Wayne County worker charged in house scheme thanks to intrepid neighbor

- A Wayne County employee is off the job and charged with a crime.

She's accused in a property transfer scheme and it was all uncovered with the help of a suspicious neighbor.

A stack of paperwork represents hours of investigative work into an alleged house theft of sorts in Detroit. It began in the spring with a mountain of trash on the curb of 690 Burlingame and a scrapper.

"He was out there digging in the mess, I said who are you are where did you come from," said Tinesha Leverette, whistleblower. "And who called you."

A question that was answered when Donna White, the woman in the passenger seat of this van driving away from FOX 2 cameras, pulled up to the same house.

"And she said I have the deed to the house," Leverette said. "I said you have the deed to the house? And I said to myself that don't even smell right."

With that, Tinesha Leverette was on a mission.

"The next morning at 8:05 I was down at the register of deeds office," she said.

And here's what she came away with.

"It was a transfer of deed from Edwina White to Donna White," she said.

Edwina White owned 690 Burlingame until she died. But despite sharing a last name, she never even knew Donna White,  the new owner.

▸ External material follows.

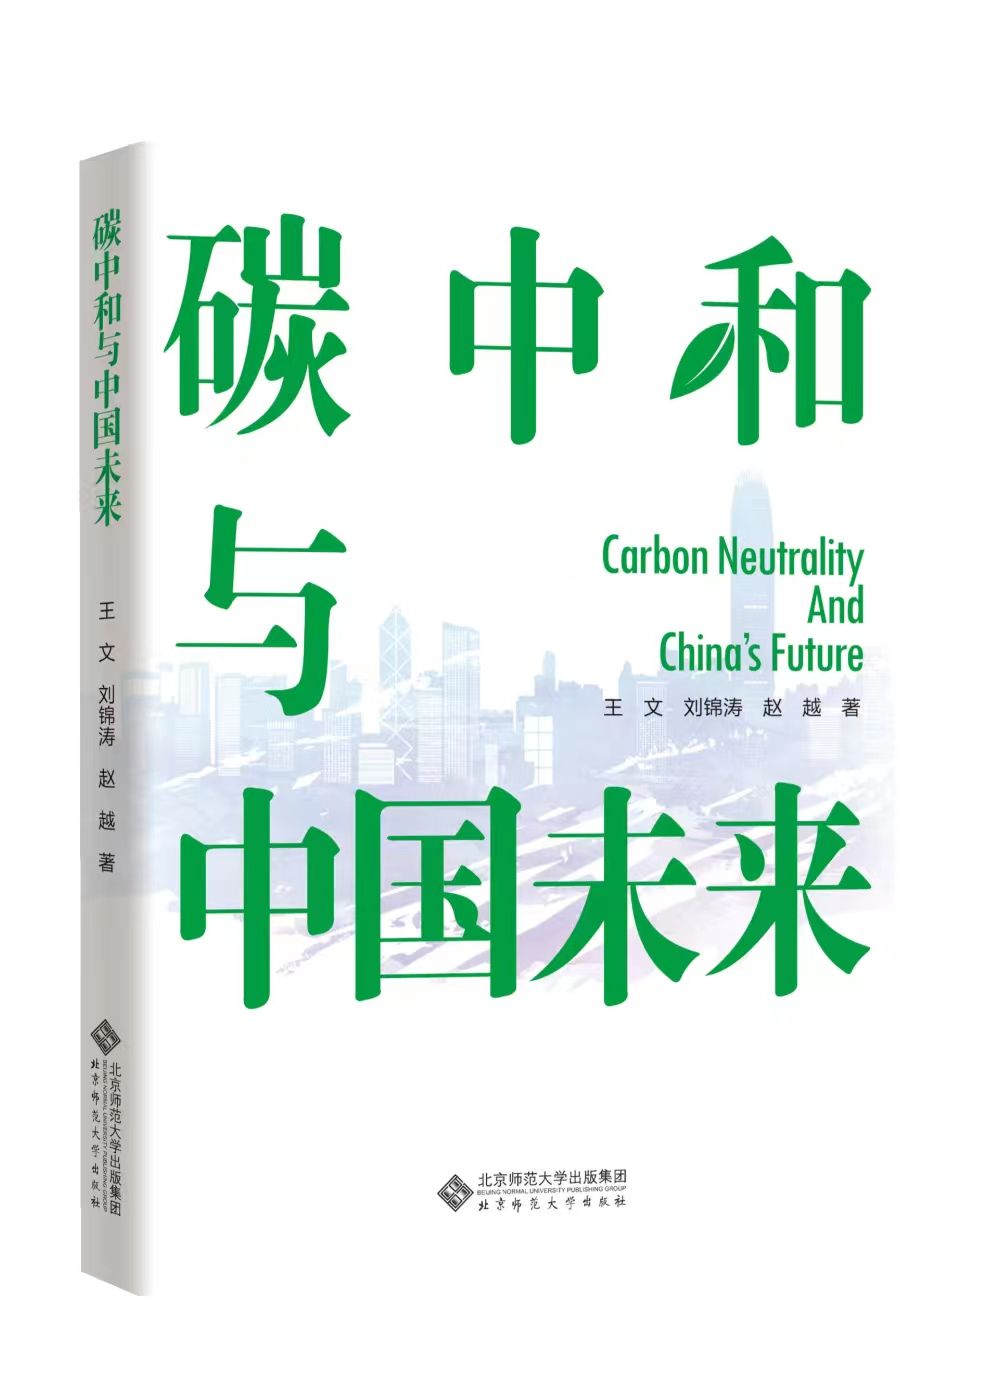 《碳中和与中国未来》:挖掘碳中和价值，探索中国机遇

So Leverette dug deeper.

"I bought the certified copy of the death certificate," she said. "And so with that, I was able to contact the prosecutor’s office and say listen that is a fraudulent deed. There is no way it could have been executed by Edwina White in December when she passed in September."

She had found a smoking gun of sorts but it didn't end there. Prosecutors said Donna White had help from a county official. In addition to being signed after her death, the documents showed two very different signatures from Edwina White, but were notarized by Felecia Tyler.

Tyler didn't answer and Donna White drove away in her van but both face felony charges, with White looking at a maximum of 14 years if convicted. 

Now this whole alleged scheme was uncovered by someone who lives in the neighborhood. Which begs the question, why would they spend their own time, their money pulling this paperwork when they are not a detective, not getting paid to do this. The truth is they've had their eye on the property for some time.

But they wanted to do it the legal way.

"Absolutely," she said. "I have not made any qualms about the fact that I would like to buy that house."

And now she might get her wish and she's pretty confident the former homeowner is smiling down on the whole situation.

"She is probably saying 'Good." She was a good neighbor," Leverette said. "And I do miss her."